Standard Chartered, the international banking group, is to embark on a £480m modernising and restructuring programme over the next three years with a net loss of 5,000 jobs worldwide - nearly a fifth of its global workforce.

The bank also announced it was close to the sale of Chartered Trust, its UK leasing operations, in a move which will seal the bank's departure from mainstream financial services in this country.

Most of the overall job losses will fall in back-office operations in Asia, Africa and the Indian sub-continent as the bank seeks to reduce the number of processing centres from fifty to two hubs serving its operations worldwide.

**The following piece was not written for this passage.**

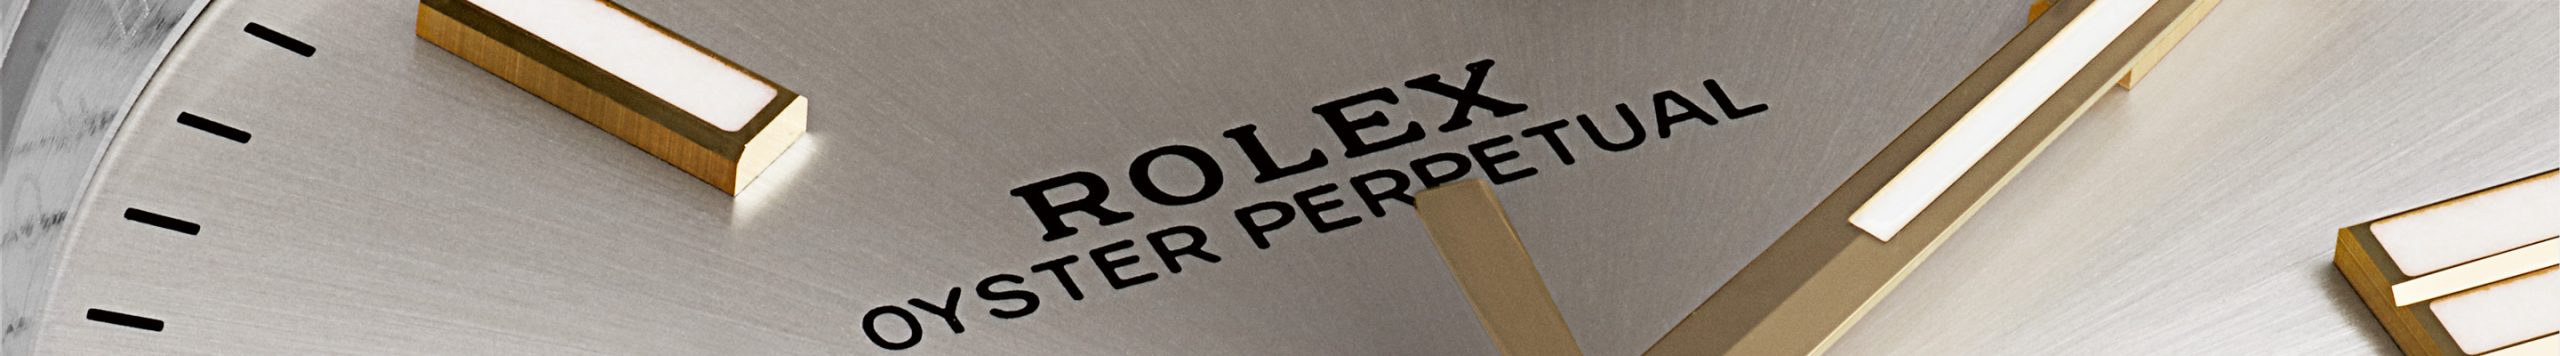 Rolex en – PEYRELONGUE CHRONOS

Rana Talwar, chief executive, said that losses in the UK, where the bank employs 2,000 people - mainly in Treasury and head-offices, will be "minimal".

The programme, he said, was the result of 18 months careful examination of the business since taking over from Malcolm Williamson in 1998. "We are taking a radical view ...This is a fundamental restructuring which is going to make us more cost-effective," he said.

Of the £480m, £200m will be taken as a one-off charge against the full-year results. The remaining £280m, covering modernisation in new systems, will be counted as investment spending in the normal way.

Mr Talwar said he anticipated the restructuring yielding savings of £70m next year rising to £170m a year in 2003. He added: "This will change us from a relatively old-fashioned bank ... to an efficient modern one with the management base on which to build our growth."

News of the restructuring completely overshadowed the bank's half-year results which showed profits rebounding 31 per cent to £356m thanks to an accelerating Asian recovery and lower bad-debt provisions.

Standard Chartered shares fell more than 10 per cent to 852p after the announcement. Analysts complained about the failure to prime the City about the scale of the charges and the lack of detail about where the restructuring will bite. Mr Talwar promised to provide a fuller breakdown of the restructuring in the autumn.

Analysts at Merrill Lynch had, the day before, put out a buy note on the assumption that HSBC's strong performance on the back of the Asian recovery would guarantee a sharp rise in profits for Standard Chartered as well. After yesterday's unpleasant surprise, many were once again contrasting HSBC, which isyielding the benefit of its investments, with Standard Chartered which, they said, risks falling back into old habits of disappointing, just when it has convinced investors it has changed.